Encontré los antiguos expedientes de Harvey y los hojeé, aunque no detecté ningún indicio. Pero mientras estaba allí recordé una pista de Rema, o falsa pista. Se trataba de lo siguiente: un tutor mío de la Facultad de Medicina había estado en la ciudad poco antes. Siempre se había distinguido como «experto» en mujeres, actitud que me irritaba, pues de hecho me había «robado» a una mujer, sin embargo lo admiraba por otros motivos y quería que conociese a Rema. Me blindé contra los inevitables celos que sentiría cuando él intentase seducirla y me mordí la lengua cuando Rema se puso un vestido ceñido y recatadamente sexy, estilo secretaria de los años cuarenta, pero mi preparación mental fue en vano. Curiosamente, mi tutor no se mostró encantado con Rema. Se comportó con cortés educación y nada más. Fue extraño. En un determinado momento contó un chiste sobre las elecciones, y Rema no lo entendió. Durante un instante tal vez no me sentí encantado con Rema. Como si no fuese realmente mi Rema. Mi Rema que enamoraba a todo el mundo. Ejemplo: el enfermero de la noche.

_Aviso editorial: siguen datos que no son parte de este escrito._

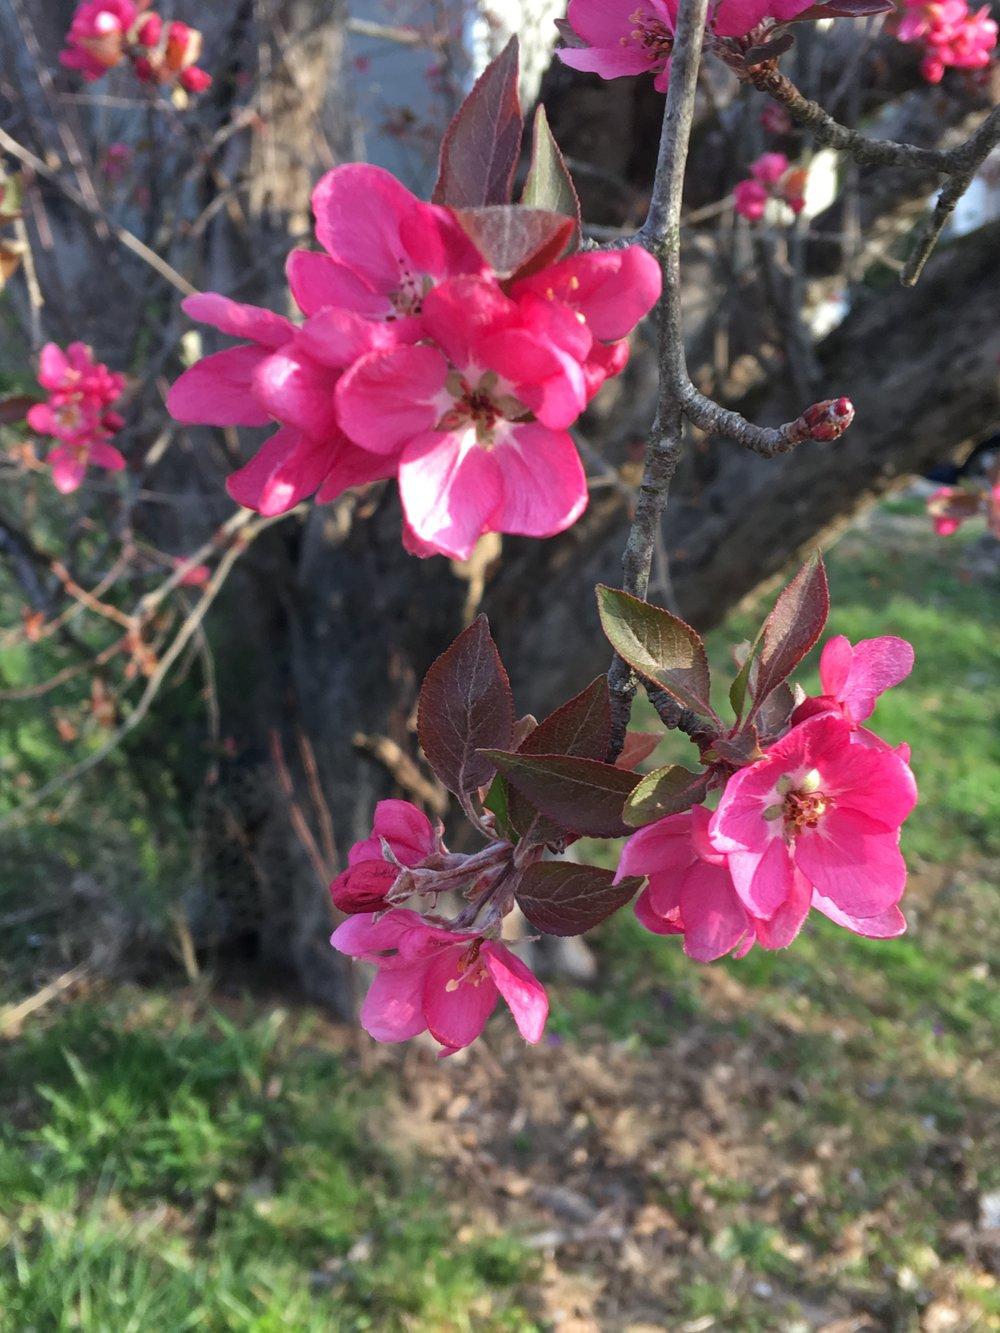 Malus pumila; apple tree

Pero entonces aún se trataba realmente de ella, estoy casi seguro.

3. ALGO QUE PUEDE SER MUY IMPORTANTE

He mencionado a mi paciente Harvey, pero no he hablado con profundidad sobre él ni de la extraña coincidencia, o casi coincidencia, de que desapareciera dos días antes que Rema. Seguramente no era una «coincidencia». En retrospectiva, creo que las semillas de la tragedia brotaron en lo que en principio tomé por una (especie de) ligera comedia de errores.

A. Un agente secreto de la Real Academia de Meteorología

Cuando conocí a Harvey, hace dos años, él tenía veintiséis y un diagnóstico de trastorno esquizotípico de la personalidad desde hacía nueve años. Vivía con su madre y lo habían tratado sucesivamente, aunque nunca con éxito (según su madre), once psiquiatras distintos, dos psicoterapeutas reichianos, tres acupunturistas, una bruja y un entrenador personal. Además, Harvey tenía antecedentes de alcoholismo, con debilidad por el ajenjo, que le confería cierto aire de aristócrata decadente, casi caricaturesco.

La madre de Harvey me llamó después de leer por casualidad un artículo mío sobre R. D. Laing. En mi involuntariamente larga conversación con ella, pegado a la pared de la cafetería insufrible del Upper East Side iluminada por reflectores cuyo café, no paraba ella de decir, era «superior», comprendí enseguida que la mujer no había entendido nada de mi artículo. (Por ejemplo, había interpretado mi alusión a la «inseguridad ontológica» y al «viaje chamánico» de Laing como elogio, no como crítica). Pero no intenté enmendar el equívoco, pues habría sido grosero por mi parte, y el caso de su hijo me pareció interesante. Me imaginé distrayendo a Rema con los detalles. Además, me agradaba la idea de decirle a Rema que una mujer me había buscado después de leer un artículo mío.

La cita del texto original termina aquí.